The human Artio was originally seated on a throne that is now lost. She wears a sleeved dress, a heavy mantle over her left shoulder, and a diadem in her wrapped hair. A high basket filled with fruit and grain, on a slender pillar, hides the wreath of fruits in her lap and the sacrificial bowl in her right hand from view. This, and also the lack of any accoutrements associated with a bear goddess, suggests that this figure was originally conceived as a solitary representation of a goddess of vegetation or agriculture, which was later repurposed – together with the bear – as a representation of Artio.

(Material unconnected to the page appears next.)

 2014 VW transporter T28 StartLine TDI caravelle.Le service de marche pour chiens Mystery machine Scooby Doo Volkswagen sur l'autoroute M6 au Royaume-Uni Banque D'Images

The pedestal bears the inscription,
Deae Artioni
Licinia Sabinilla
that is, "To the Goddess Artio, from Licinia Sabinilla." About the sponsor of the group nothing is known but her name, which is Italic in origin but was also widely used in Gaul.

====Configuration====
At the time of their discovery, the individual elements of the group – pedestal, bear, woman, tree and basket – were separated from each other, making their configuration a matter of conjecture. In the 19th century, the human Artio was displayed alone in the center of the pedestal, facing forward. J. J. Bachofen, examining the statues in 1860, first recognized the bear as female. Inspired by the Muri statuettes, his 1863 monograph about bears in ancient religion, Der Bär in den Religionen des Alterthums, postulated that the apparently Celtic name Artio was related to the Greek word for bear, arktos, and that the two statues were related: the bear representing Dea Artio in her animal form.

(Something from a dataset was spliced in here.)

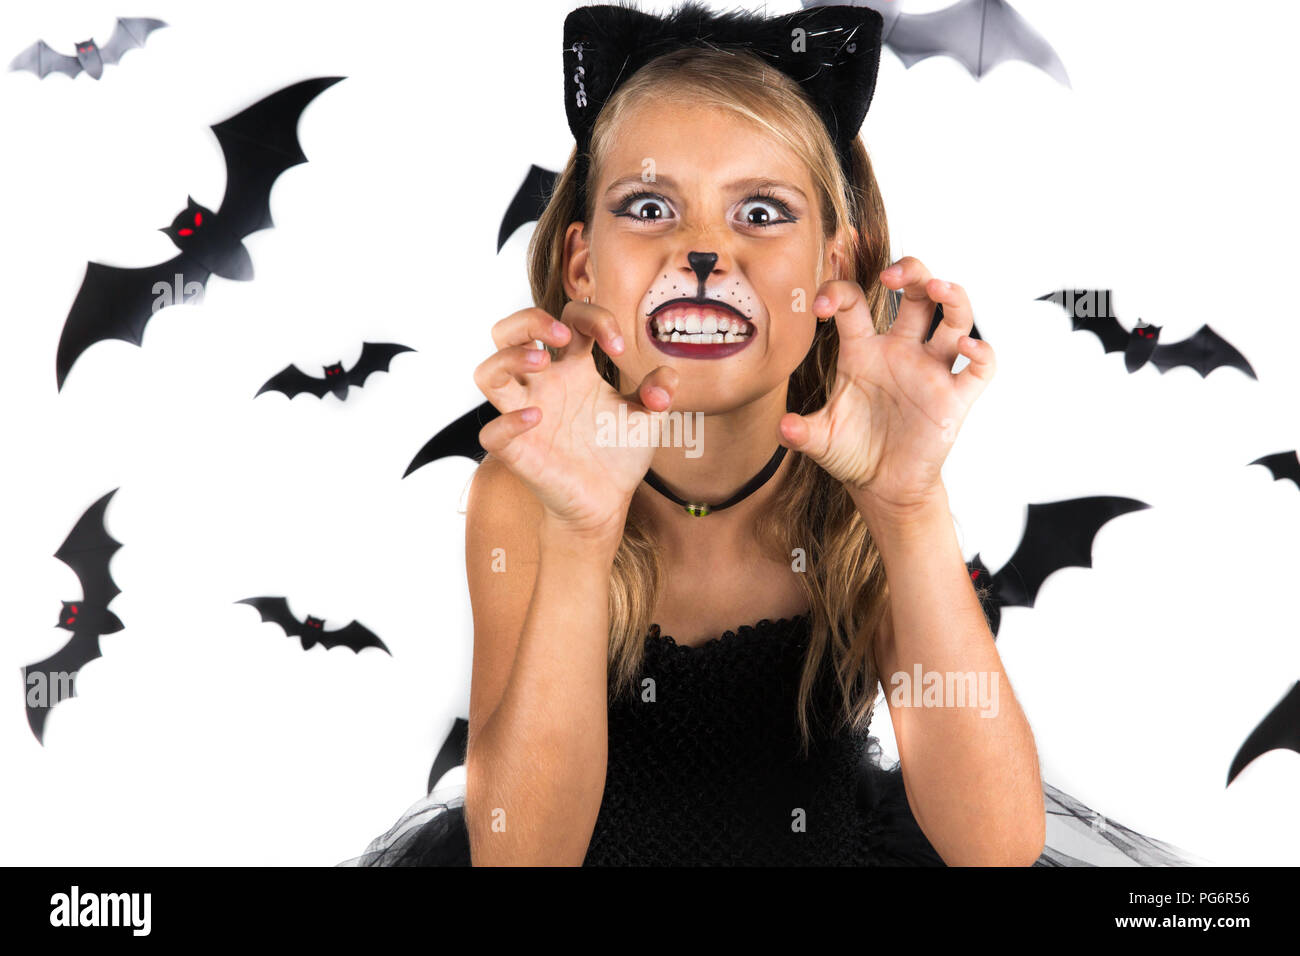 Spooky Ragazza di Halloween con Halloween costume di un gatto nero vestita a festa di Halloween o zucca patch. I bambini di Halloween. Foto Stock

The discovery of several soldering joints on the pedestal by Paul Vionnet in 1899 confirmed that the bear had indeed been affixed to the pedestal, and allowed a reconstruction of what are now believed to be the two configurations in which the bronze elements were originally displayed. It appears that Artio's bear form was initially alone on the left side of the pedestal, facing the tree at the right end, while an unknown object was placed on the semicircular protrusion on the left side of the pedestal. At some later time, the tree was moved to that protrusion behind the bear, making room for the newly added statue of the human Artio, her basket and her now missing throne. This was probably done at the behest of the statue's sponsor, Licinia Sabinilla, and the pedestal also probably received its inscription at that time, because it is unlikely that the bear alone would have been titulated as Dea Artio. The bronzes have since been displayed in this final position.

====Measurements====
The Artio group (Inv. no. 16170/16210) weighs 5308 g. The pedestal is 28.6 cm long and the tree is 19 cm high. The body of the bear, the pedestal, and the human body up to the shoulders are hollow.